For delay options NA means there is no delay hence no imputation needed
Airport information such as name, city and state cannnot be imputed based on flight data because certain airports use a numeric ID which had no matching data with the airports.csv . No other variables have a realtionship with this to be imputed.

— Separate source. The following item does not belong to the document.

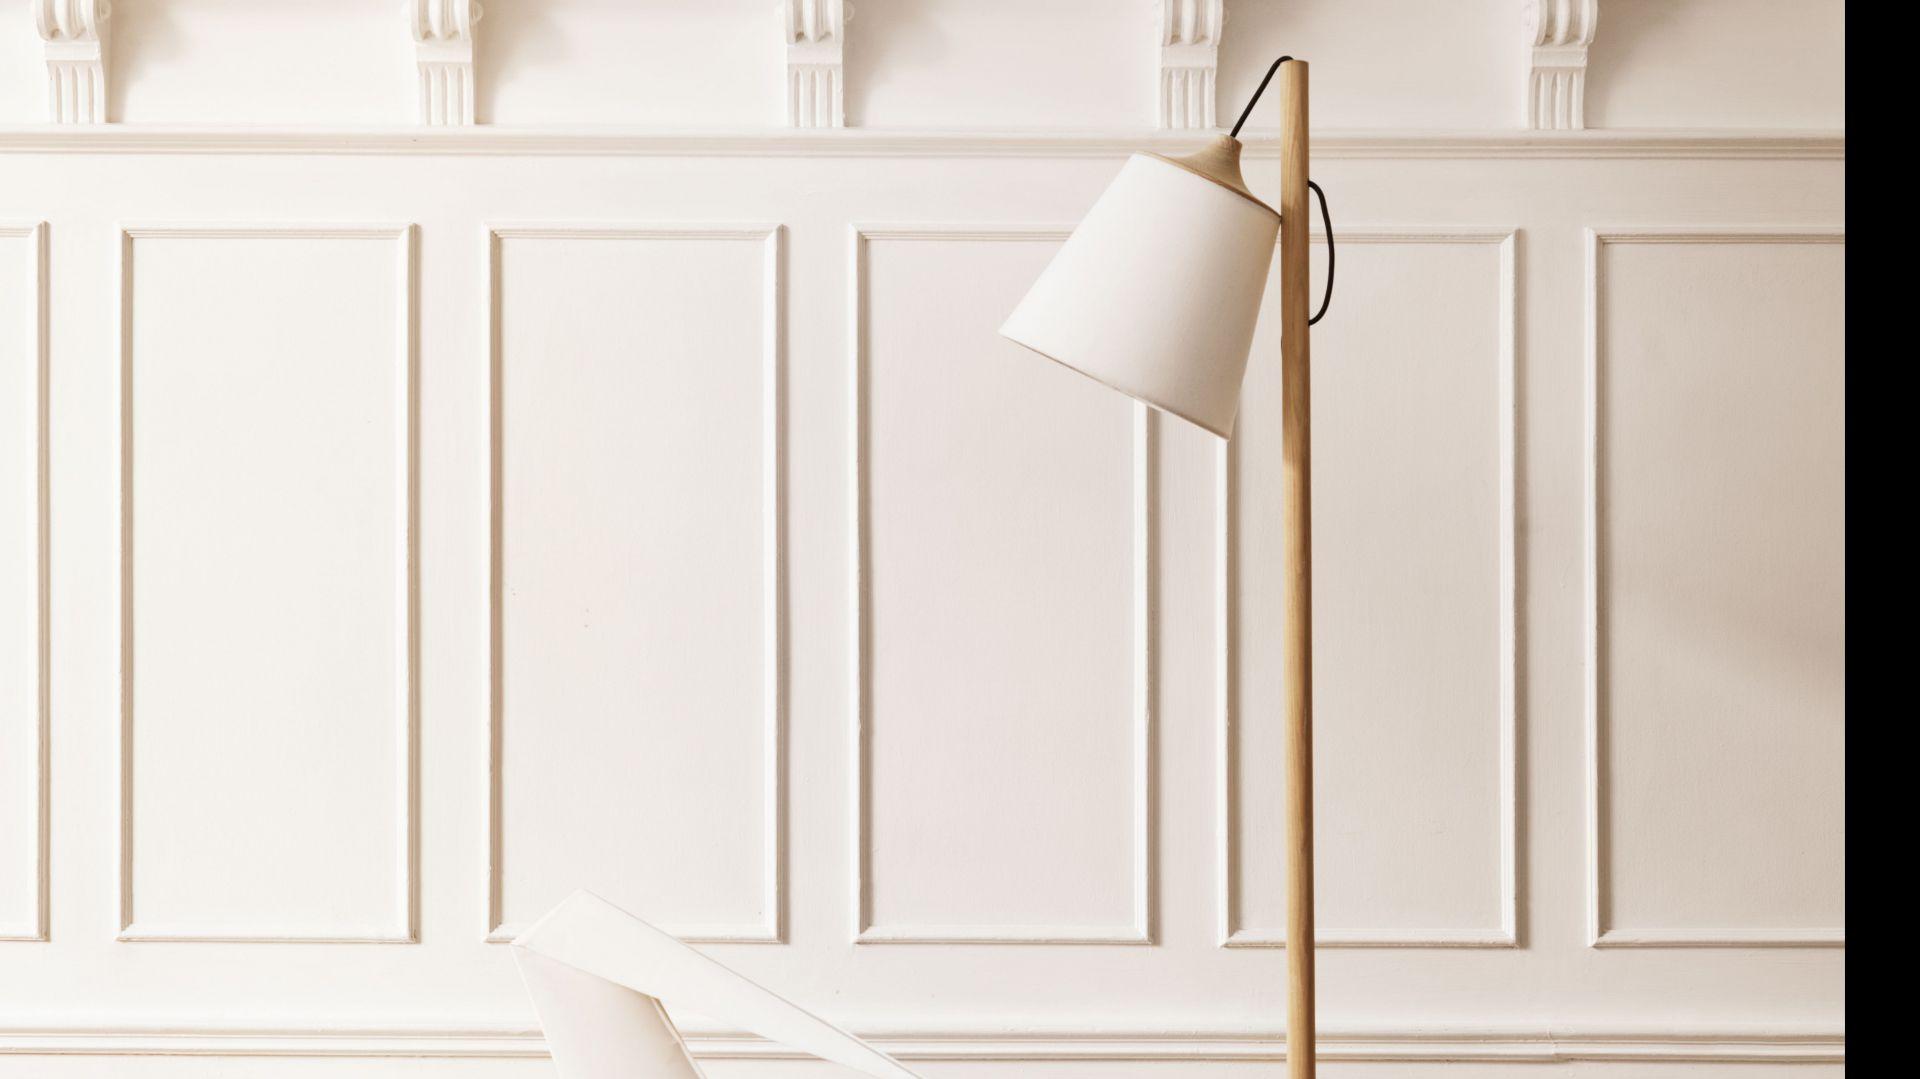 Lampa Pull to typowy przedstawiciel skandynawskiego wzornictwa. Kabel lampy częściowo ukryty w nodze i bazie lampy umożliwia regulację pozycji klosza. Wystarczy jednym ruchem pociągnąć za kabel by zmienić kąt padania światła i charakter całej lampy. Cena: ok. 1.600 zł, sprzedaż: Atakdesign.pl.

*Process: 1. Find the Outliers by converting the data into z scores. 2. Z scores with a score of greater than 3 are outliers. 3. Filter out the the outliers and check to see that they have been filtered 4. Plot a boxplot of both the variable with and without the outliers to determine any noticeable difference.
## Finding Outliers for only the Numeric Variables
z.scores <- flightdata$DEPARTURE_DELAY %>% scores(type = "z")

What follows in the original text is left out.